From the current point of view, the situation of Chinese creditors is indeed not optimistic. First, cross-border collection is indeed complicated. The deadline for the opposition motion on July 15 is very tight. If the motion is passed and enters the stage of the liquidator entrusting a lawyer, it will be very unfavorable to the creditors; second, the motion adopts a voting system. Although Chinese creditors currently account for a high proportion of restricted judicial areas, they account for less than 5% of the total claims. More than 95% are other creditors. In order to speed up the distribution of claims, other creditors who have nothing to do with them will vote for approval more easily.
But even so, Chinese creditors will not sit back and do nothing. Means such as building groups and protests have emerged one after another, and self-help has become the key. On July 9, according to Cryptoslate, more than 500 Chinese creditors questioned the FTX payment freeze in the US court. The Chinese creditor with the pseudonym Will said in an interview with Law and Dynamic that he had hired an American lawyer and more than 500 Chinese creditors were organizing a response to FTX's decision. The Chinese creditor also called on other creditors to seek the help of professional lawyers as much as possible, or to send letters of opposition to the motion to the court in their personal names.

In addition to taking legal measures, there are also many debt transfer schemes on the market, that is, selling debts in packages to debt buyers who meet the compensation plan to quickly recover funds. The motion actually used a strange way to induce this method. According to Wil, there is a clause in the motion that "if a third-party institution buys your debt, your original country of holding will no longer be considered when determining the eligibility for compensation."

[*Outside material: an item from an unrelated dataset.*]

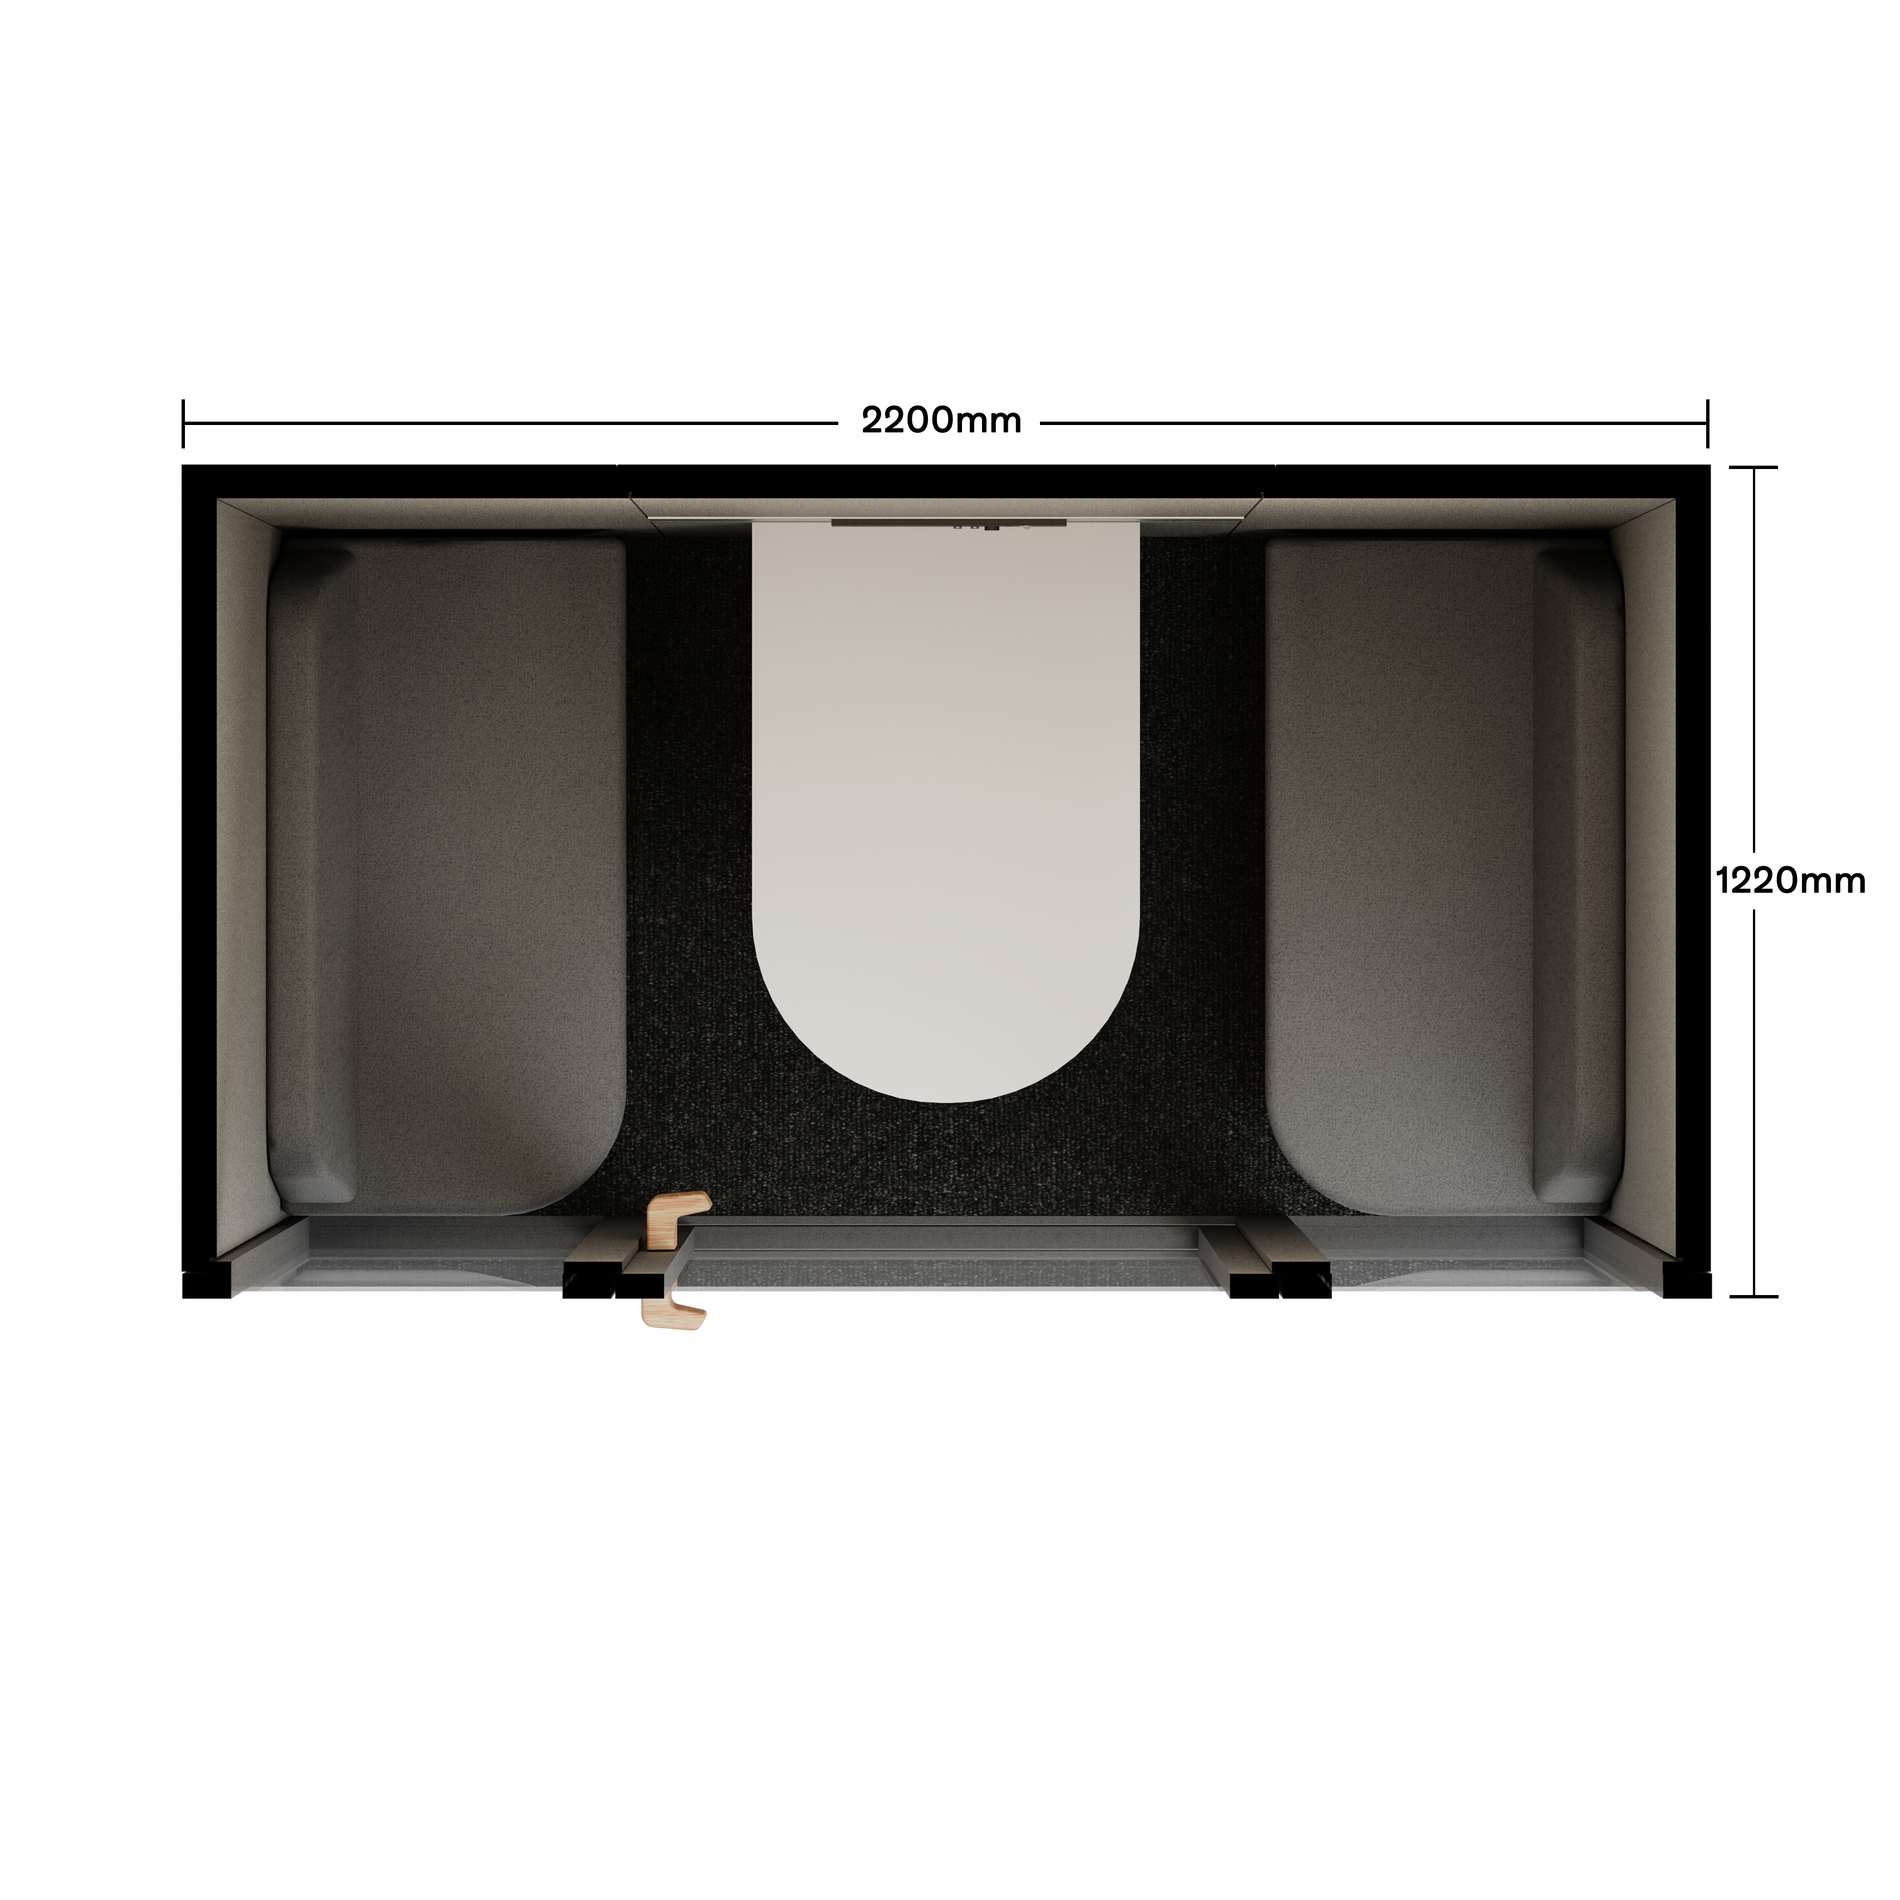 Folio Caseta de Oficina para 2-4 PersonasFolio Dark Grey / Furniture As Per Images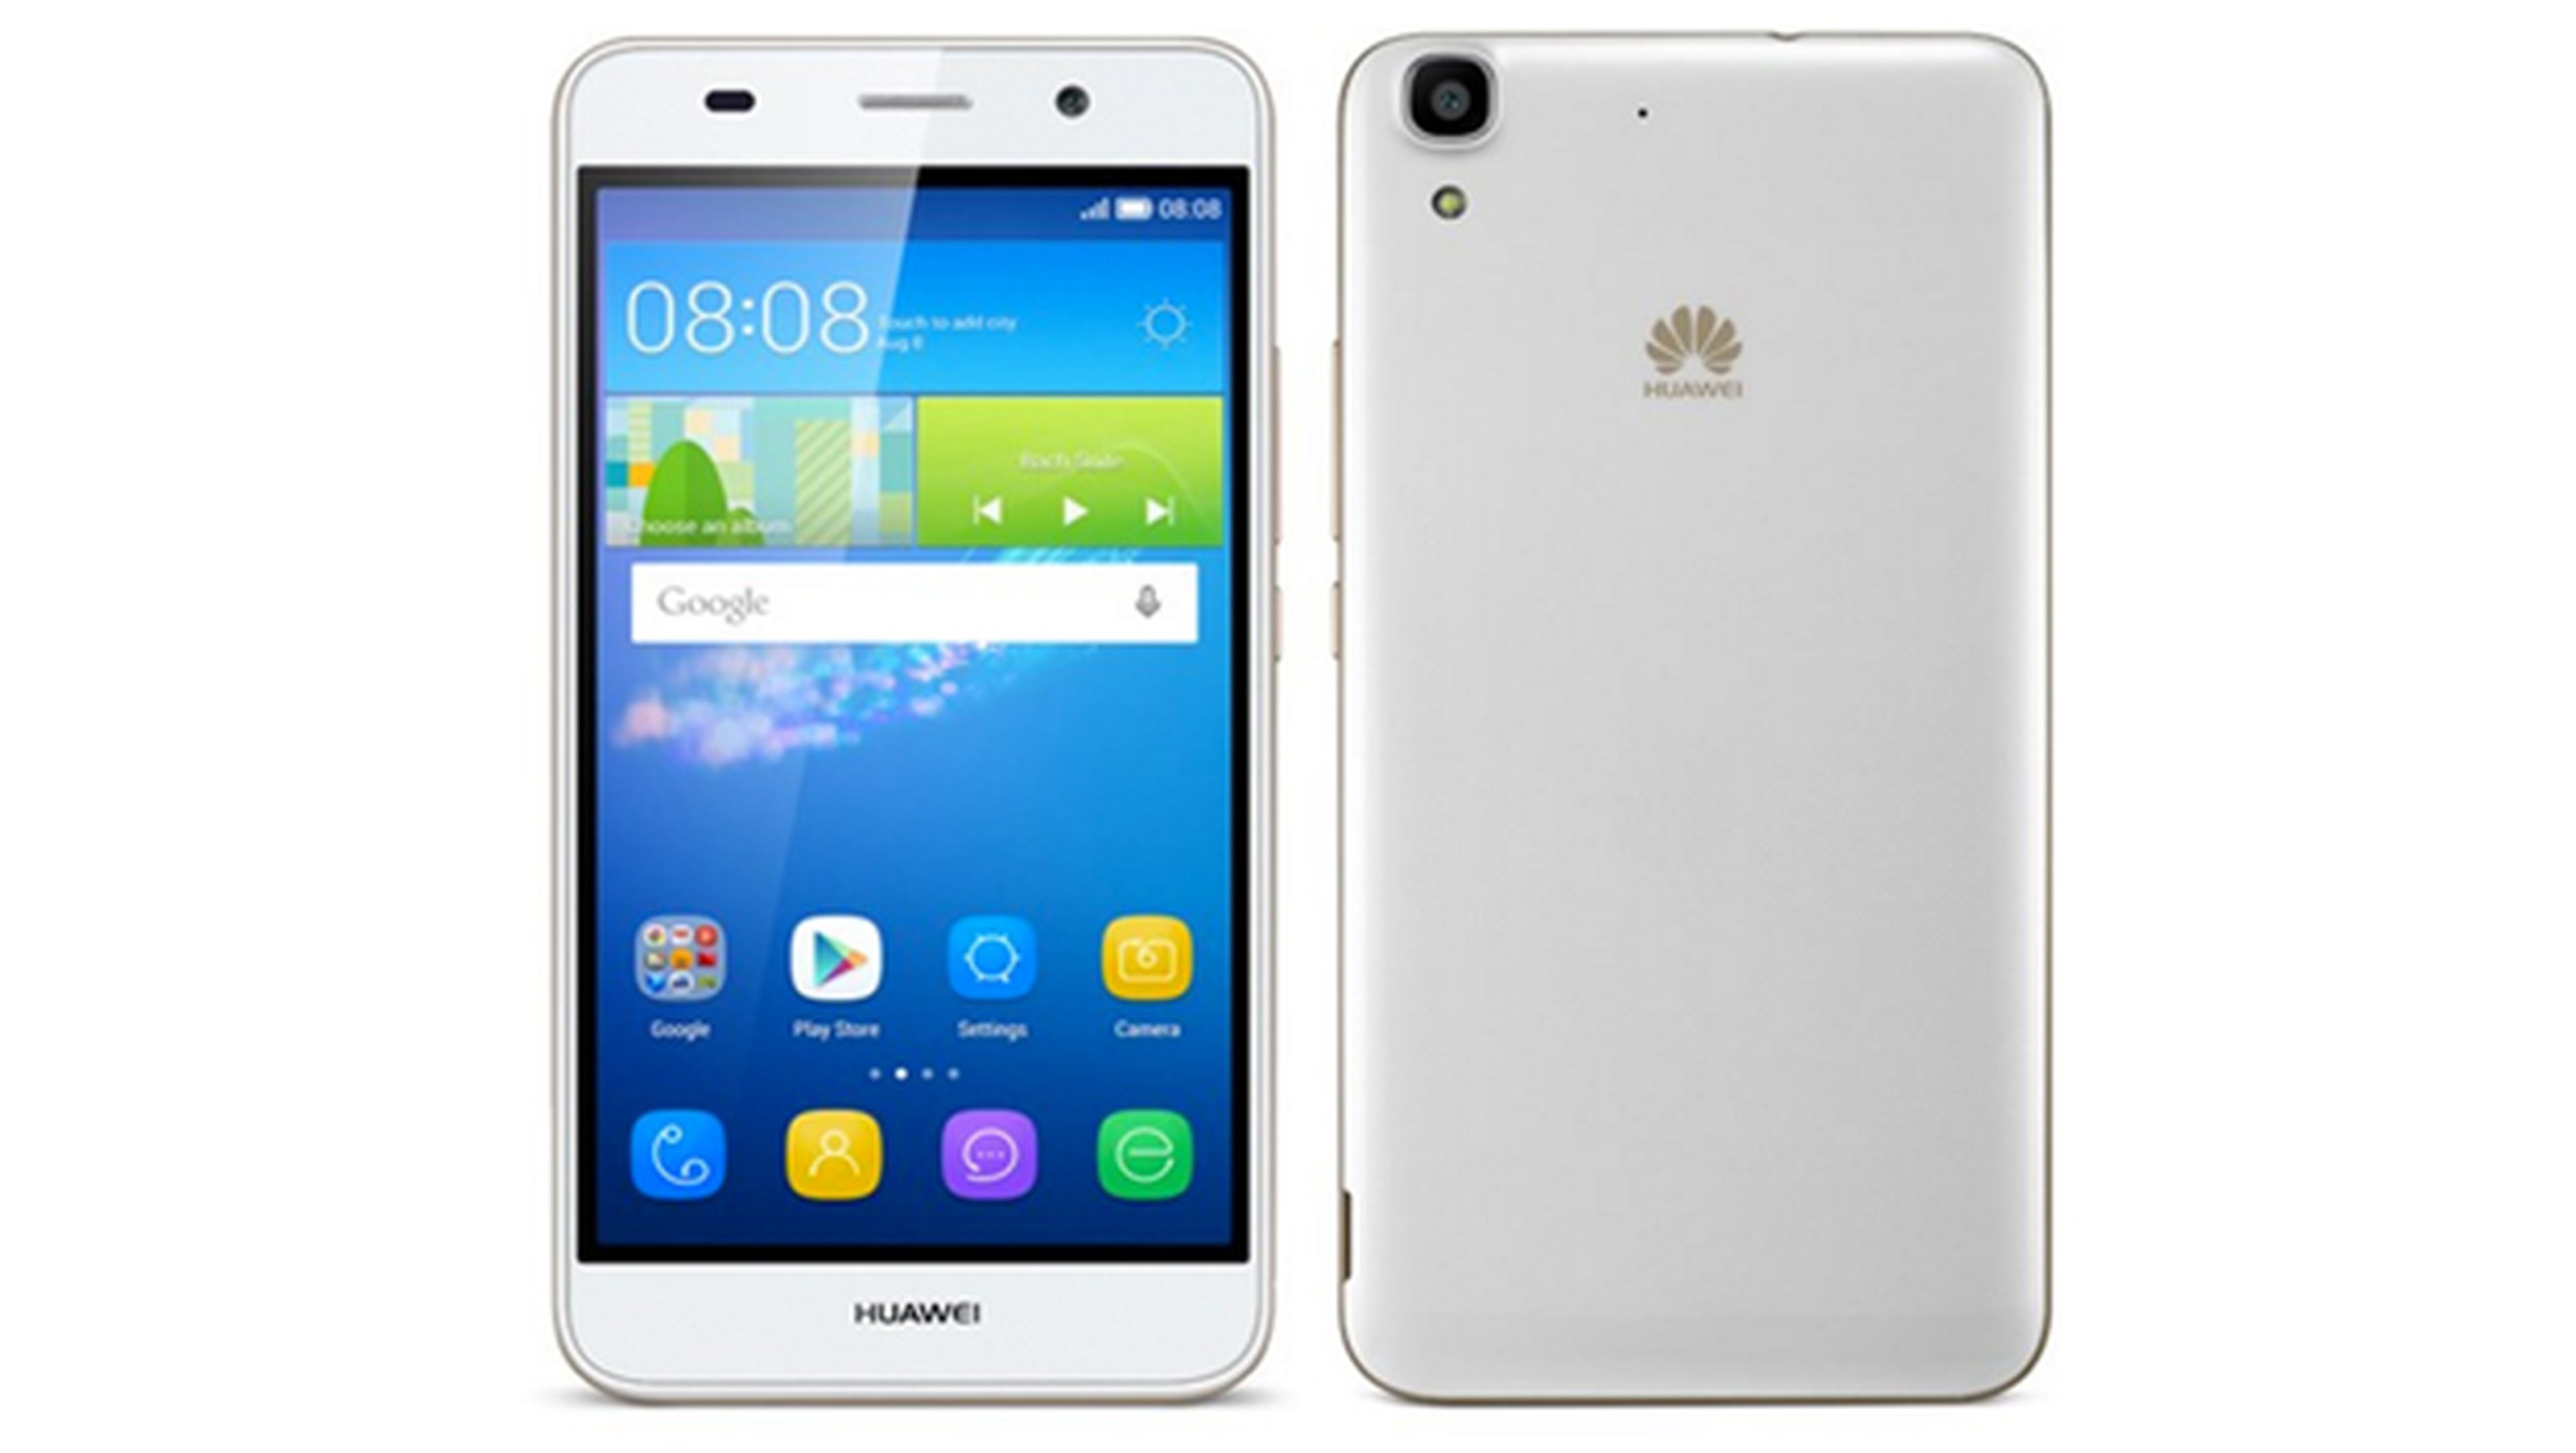 Huawei Y6 oferta móviles huawei

As for why some people want to buy debts in bulk, the core essence is still profit. In FTX's compensation, the claims are calculated at an annual interest rate of 9%, which has been nearly 3 years, and will continue to be calculated over time. In addition to the deterministic interest income, FTX is now in the process of recovering other assets, and there is the possibility of additional distribution in the future. Overall, therefore, FTX's claims are definitely high-quality claims, which are not only popular with individual acquirers, but also favored by the institutional market. Furthermore, financial institutions with mature systems can even package them into underlying assets and then arbitrage in the form of derivatives.
Market sales are a reasonable way to exit, but if they are forced to sell, it will obviously change the whole thing. Whether the efforts of Chinese creditors will be rewarded and whether they can get back their due claims is still unknown. As mentioned before, even if it complies with legal provisions, the liquidation team has begun to make a big fuss by using the topic of "jurisdiction" in an attempt to detain the assets of Chinese investors, which has also made the meaning of the word compliance more strongly questioned. Is the purpose of compliance to protect investors' assets or to add an unavoidable reason for confiscation?
This pending debt collection may tear apart the last fig leaf of compliance.